• **Task goal**:
Give back all of the data exactly, with every picture omitted.

[Supplied information Boundary: Start]

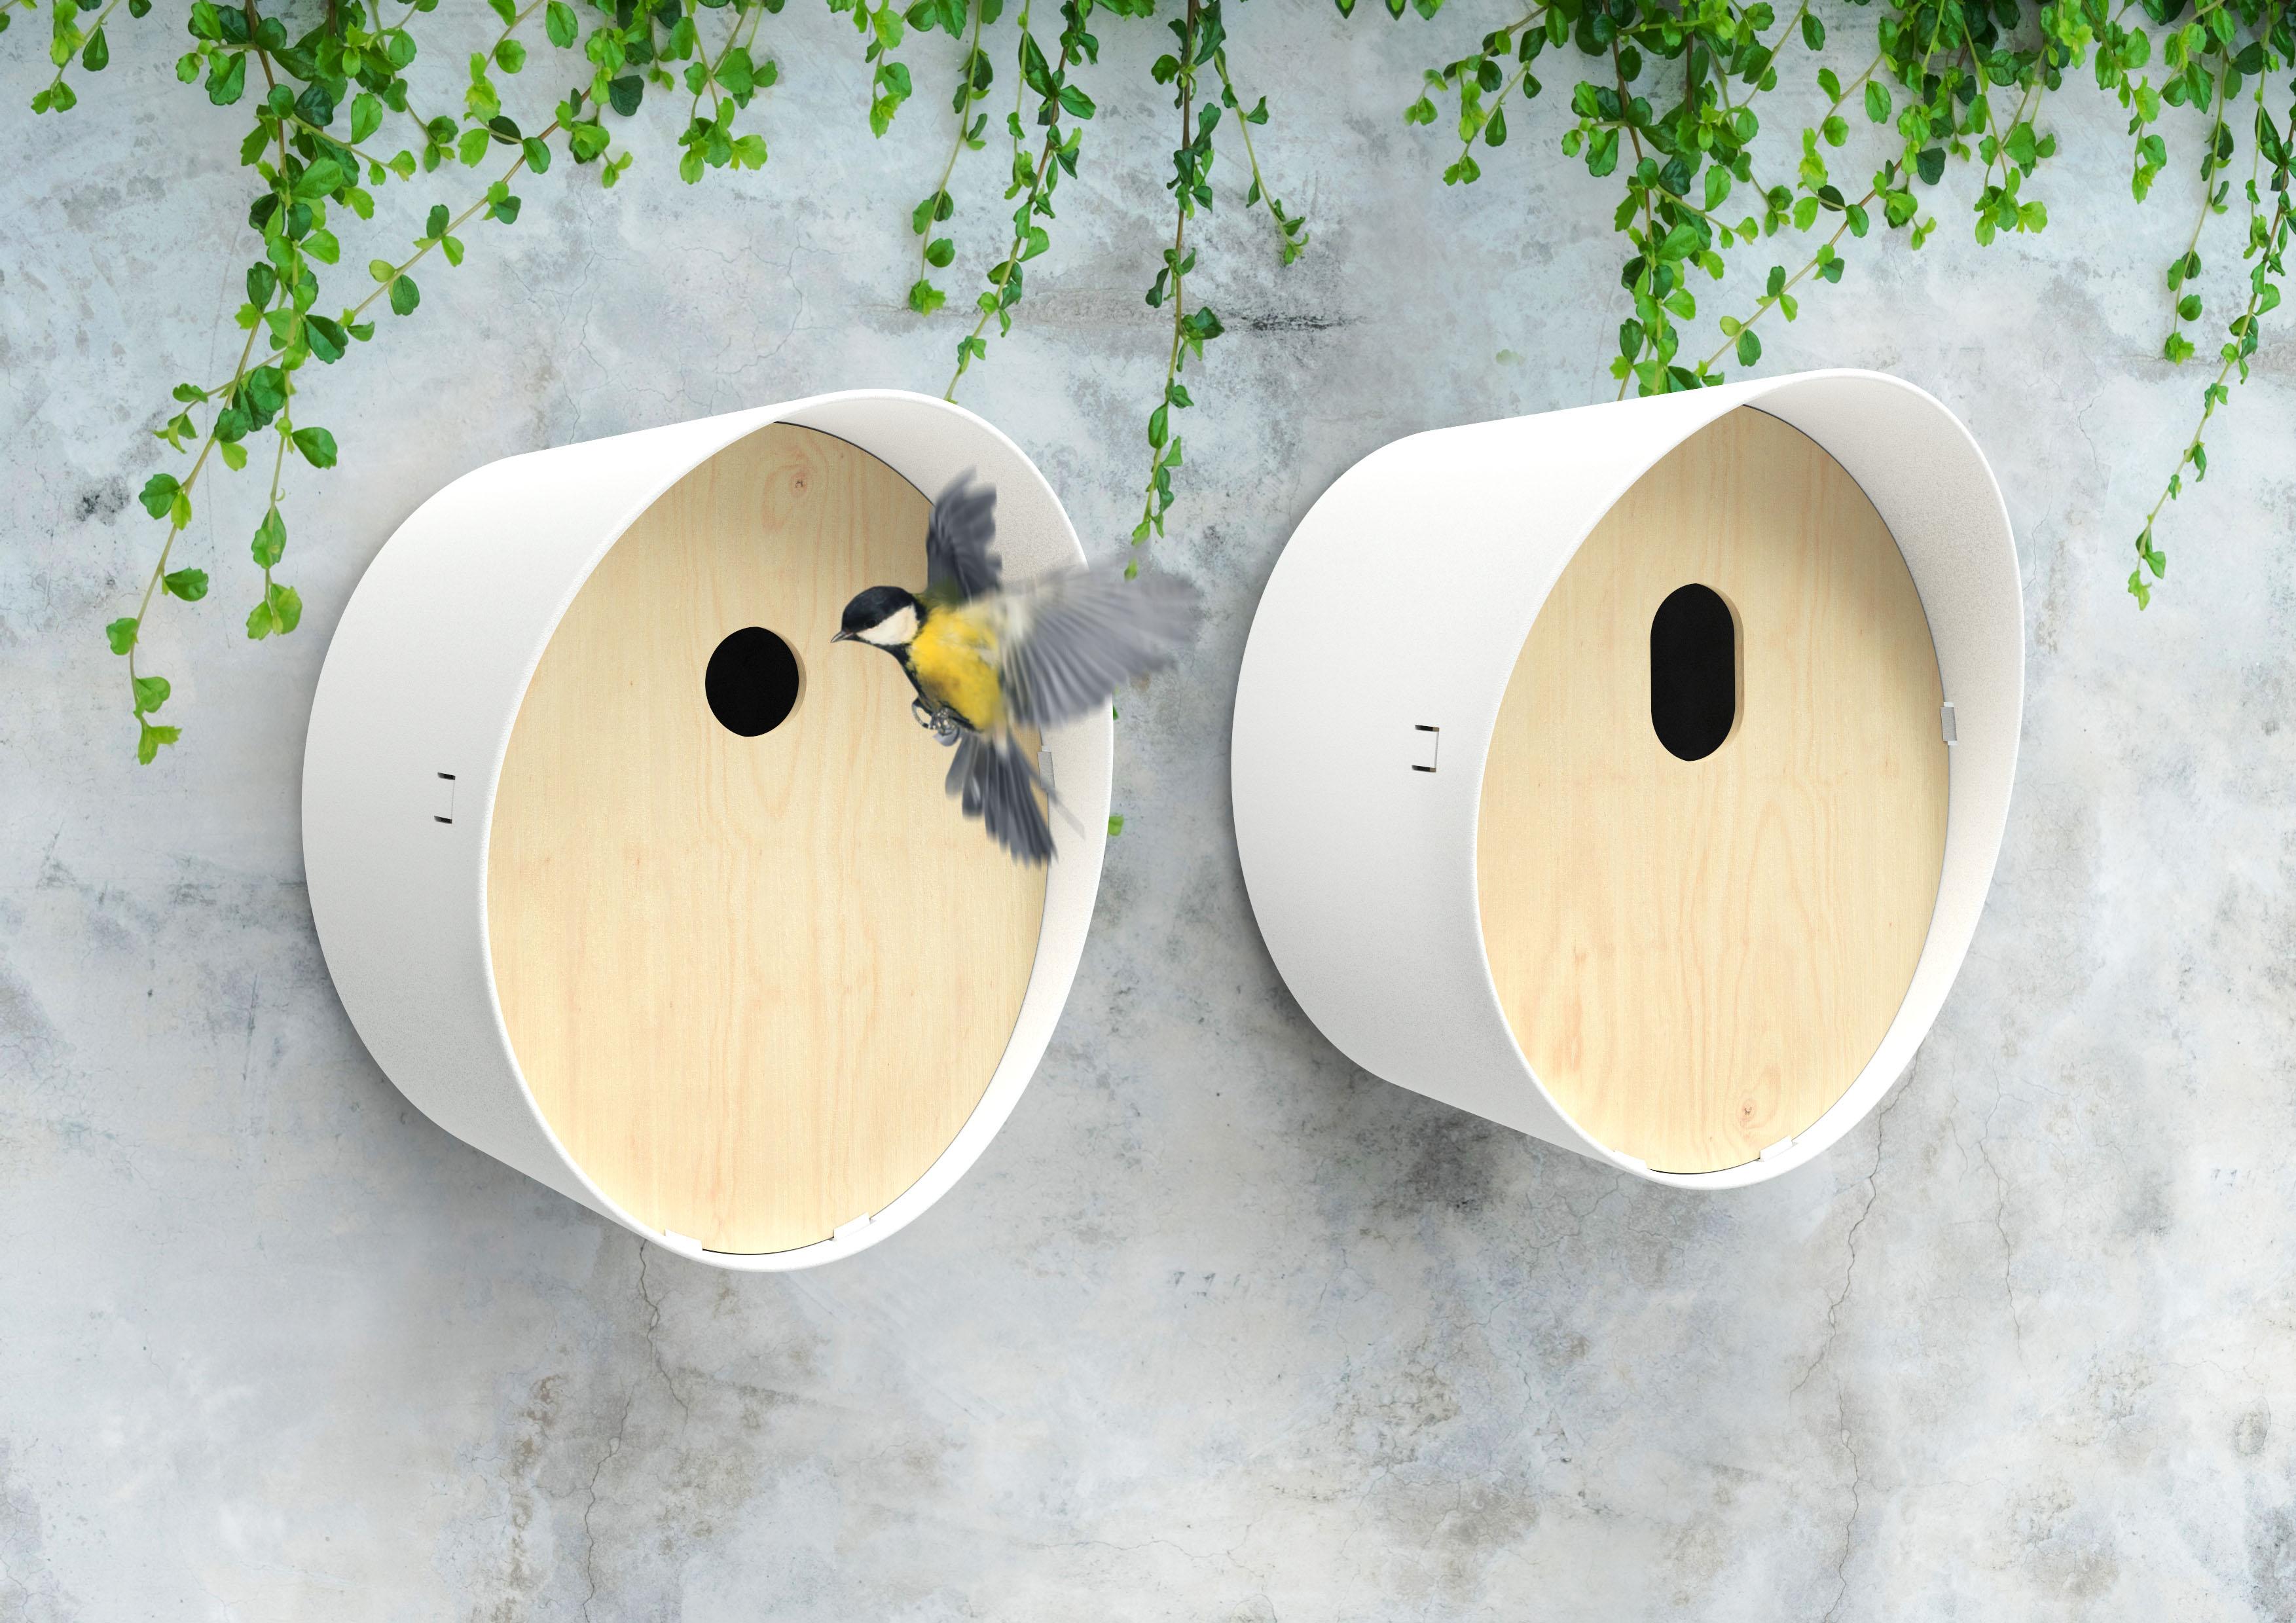 Capi Vogelhuisje Ovaal Wit
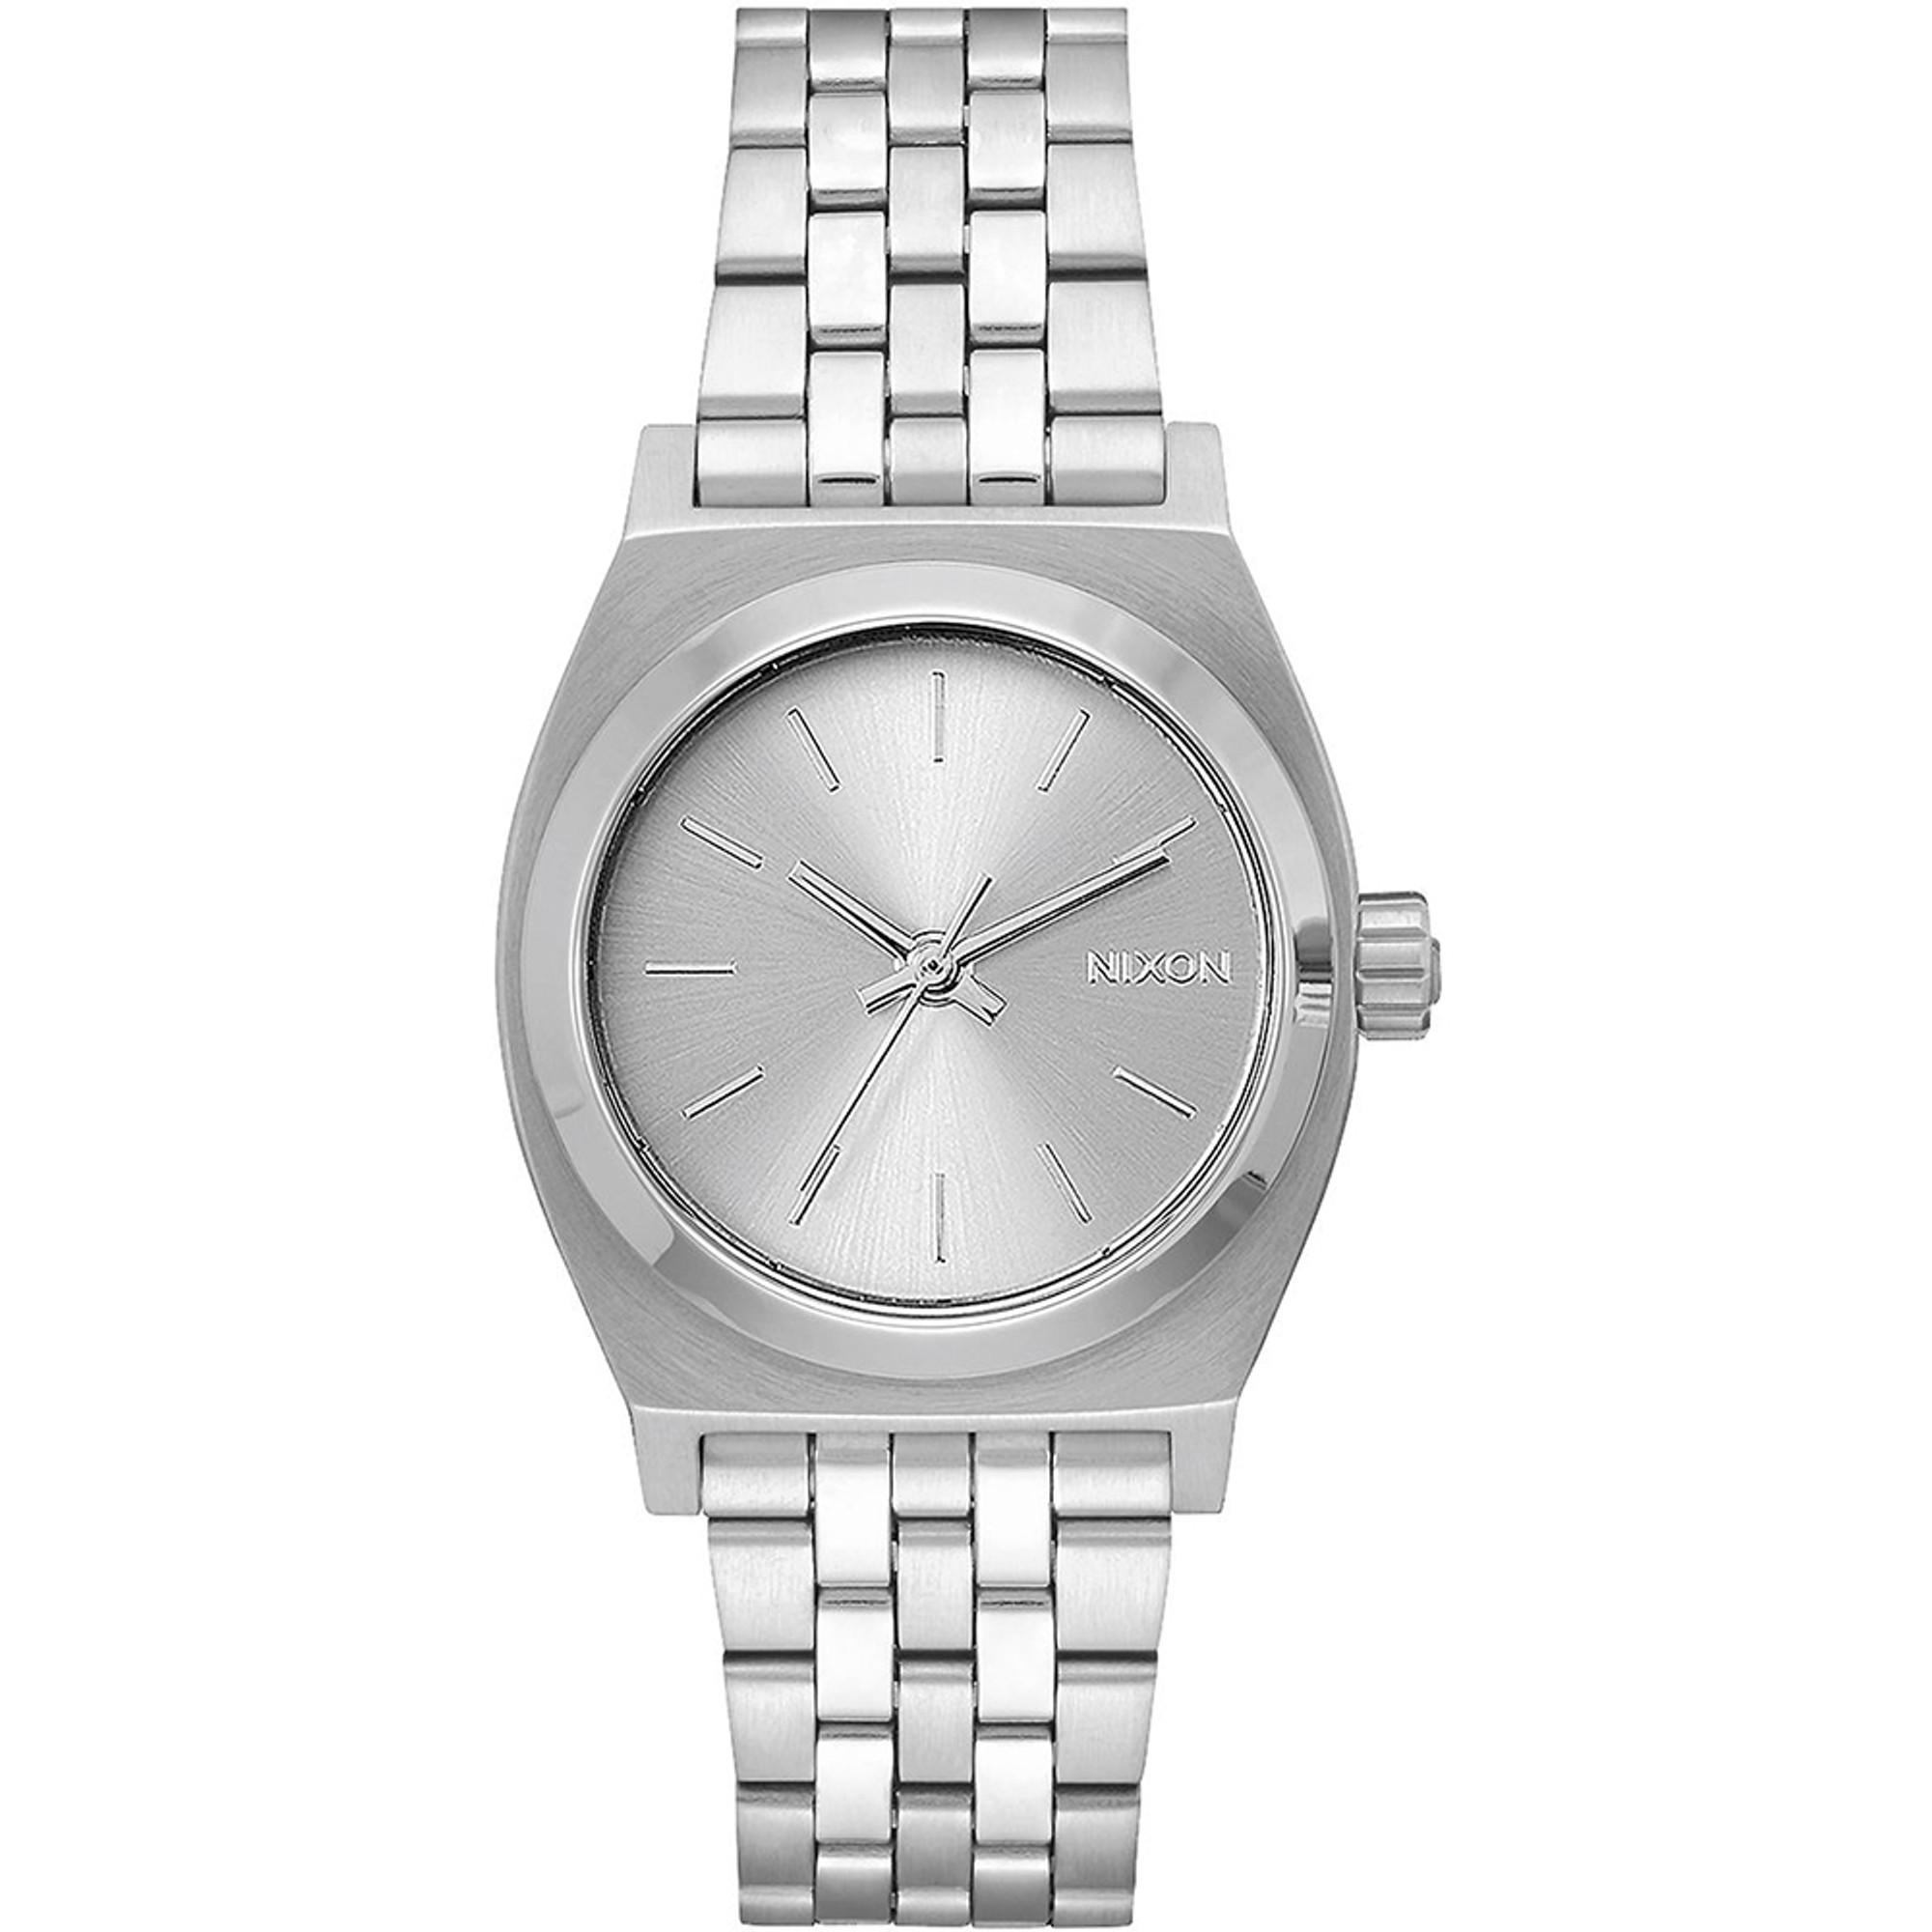 NIXON Time Teller Medium A1130-1920-00
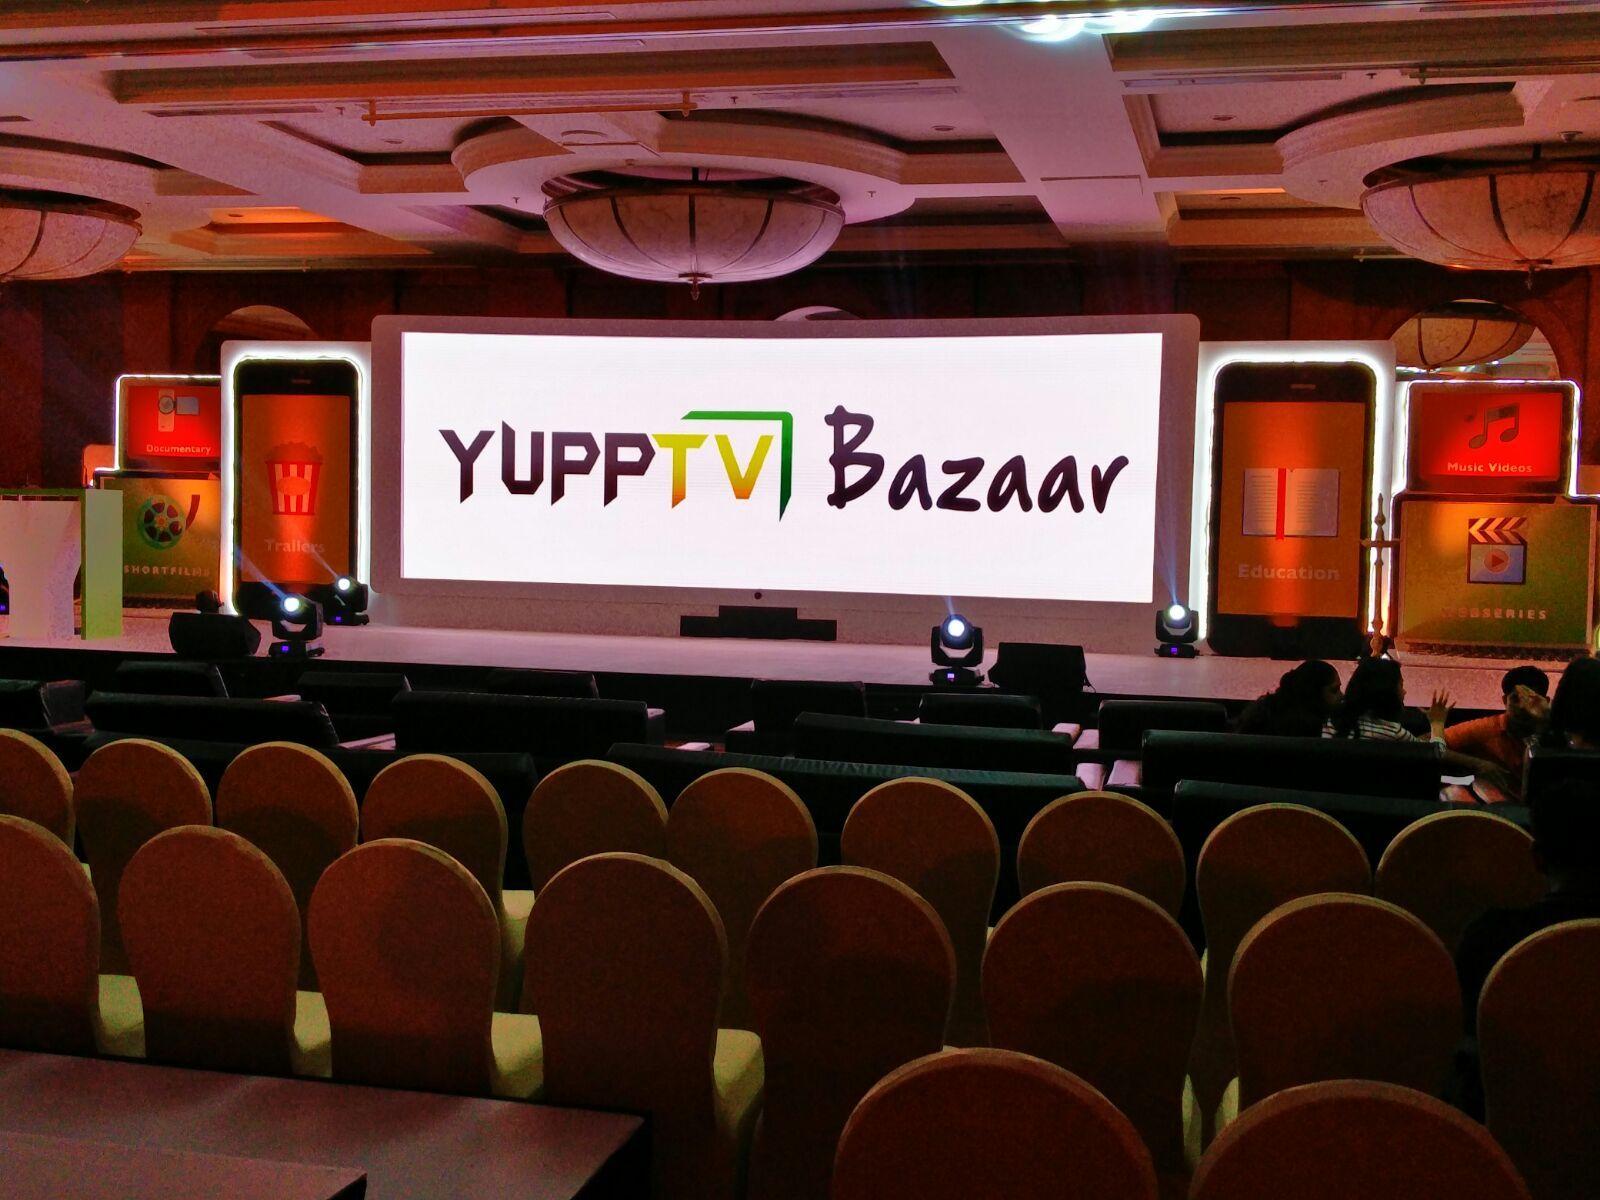 Yupptv bazaar launch

[Supplied information Boundary: End]

• **Reply**:
 Capi Vogelhuisje Ovaal Wit
 NIXON Time Teller Medium A1130-1920-00
 Yupptv bazaar launch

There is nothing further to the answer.